Predictive Coding for Locally Linear Control

4 minute read

Published:

Problem

With the rapid growth of systems equipped with powerful sensing devices, the ability to control systems from high-dimensional raw sensory inputs (e.g., images) is paramount. More specifically, we can develop intelligent agents that can act in a complex environment to achieve a specific goal, using only a camera sensor without any human supervision. This will enable new advances in many different industries, such as robot manipulation in manufacturing or self-driving cars. For example, we might have a robot which is interacting with the surrounding environment. Everytime the robot moves, it receives an image taken from a camera sensor. Based purely on these data, the robot needs to find an optimal sequence of actions in order to perform a particular task, e.g., pick up an object on the table.

Trulli
Figure 1. An example of optimal control from pixels.

A promising approach in solving that problem is the Learning Controllable Embedding (LCE) framework, which embeds the observations into a lower-dimensional latent space, estimates the latent dynamics, and then performs control directly in the latent space.

Trulli
Figure 2. LCE approach. First, learn the encoder and latent dynamics (left) and then perform control in the latent space (right).

However, the existing LCE-based methods rely on explicit next-observation prediction, which suffers from two critical drawbacks:

  • It requires the model to handle the challenging task of high-dimensional prediction.
  • It does so in a parameter-inefficient manner—requiring the use of a decoder that is discarded during control.

The proposed method

To address these concerns, we propose a novel information-theoretic LCE approach for learning a controllable latent space (see Figure 3). Unlike previous methods, which explicitly introduce a decoder D and conduct next-observation predictions, we propose to use F as a variational device to train E via predictive coding.

Trulli
Figure 3. Two high-level approaches to learn encoder E and decoder F.

We show theoretically that predictive coding is a valid alternative to next-observation prediction for learning latent representation. Specifically, we introduce predictive suboptimality, a concept to characterize the suboptimality of next-observation prediction when the prediction model is forced to rely on the learned representation. In doing so, we prove that the predictive suboptimality is upper bounded by the mutual information gap between two consecutive observations and their corresponding latent representations. In other words, by maximizing the mutual information between latent vectors of two consecutive time steps, we can learn a representation that is good for predicting the next observation, without decoding back to the observation space.

Based on this analysis, we identify three desiderata for guiding the selection of the encoder E and latent dynamics model F . We summarize them as follows: (i) predictive coding minimizes the predictive suboptimality of the encoder E; (ii) consistency of the latent dynamics model F enables planning directly in the latent space; and (iii) low-curvature enables planning in latent space specifically using locally-linear controllers. We refer to these heuristics collectively as Predictive Coding-Consistency-Curvature (PC3).

Empirical results

We compare the performance of our proposed model 6 with two state-of-the-art LCE baselines: PCC and SOLAR. The experiments are based on four image-based control benchmark domains: Planar System, Inverted Pendulum, Cartpole, and 3-Link Manipulator.

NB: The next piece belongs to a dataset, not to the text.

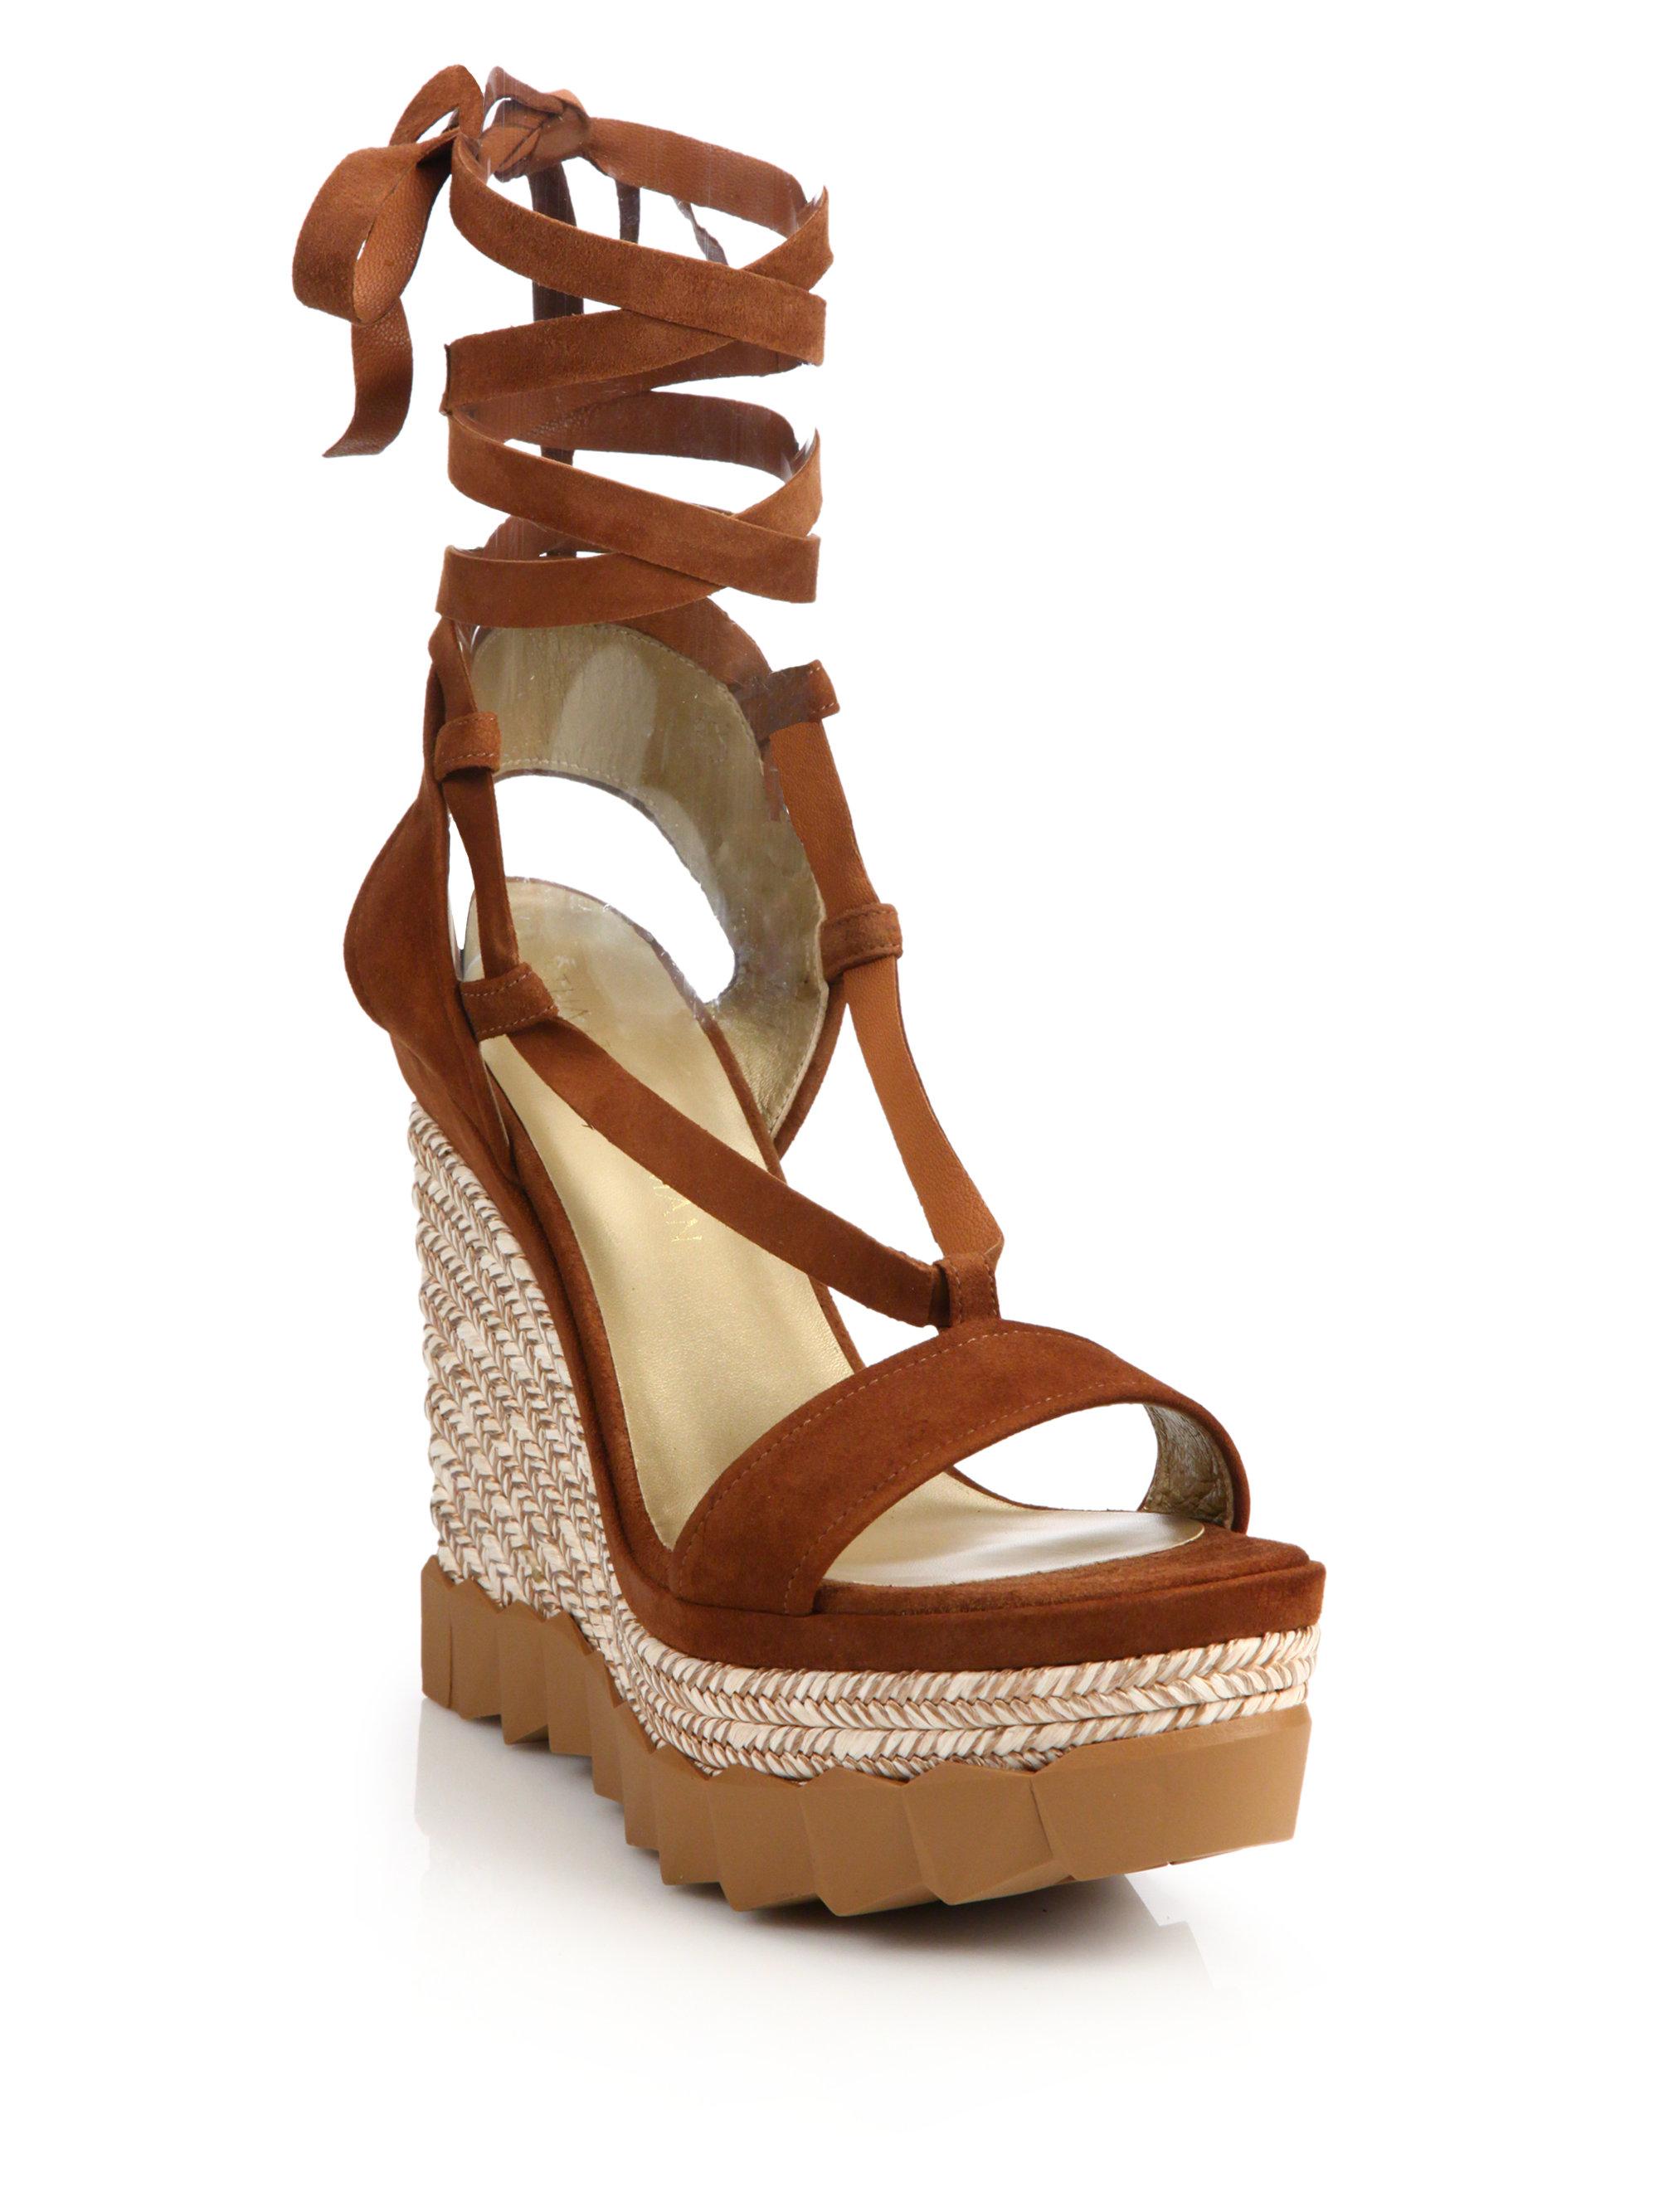 dfe63fa185d Lyst - Stuart Weitzman Cruisin Suede Espadrille Wedge Sandals in Brown
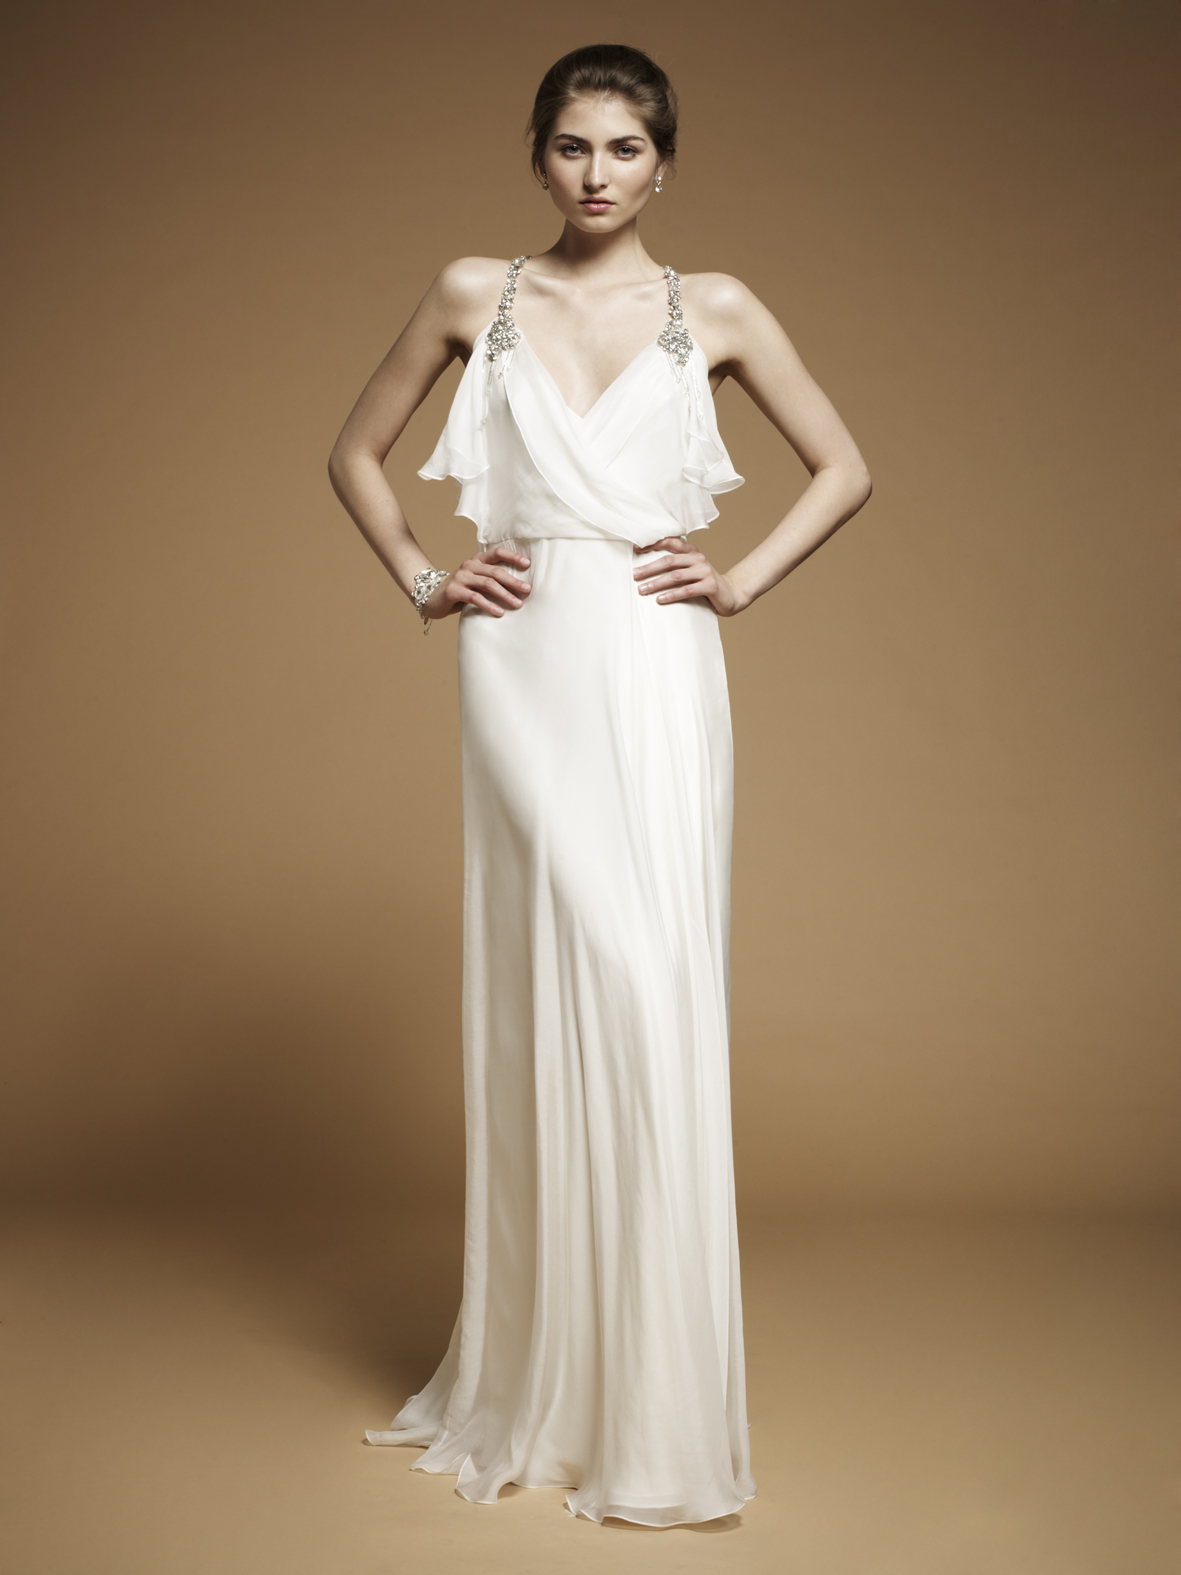 The quintessentially bride blog dream lover jenny for Jenny packham wedding dress

Table 1. Percentage steps in goal state for the average model (all) and top 1 model.
Trulli

Trulli Trulli Trulli Trulli
Figure 4. Visualization of 4 domains during control. From left to right: Planar, Inverted Pendulum, Cartpole, 3-Link Manipulator.

Table 1 shows that our proposed PC3 model significantly outperforms the baselines by comparing the means and standard error of means on the different control tasks. Figure 4 demonstrates some latent maps of Inverted Pendulum domain learned by PCC and PC3. In general, PC3 produces more interpretable latent representations, due to the fact that next observation prediction is too conservative and may force a model to care about things that do not matter to downstream tasks.

Trulli
Figure 5. Left two: PCC, right two: PC3. Each color represents an angle, and different points of the same color represent different angular velocities.

Trulli
Figure 6. Visualization of latent maps during training. Left: Planar, right: Inverted Pendulum.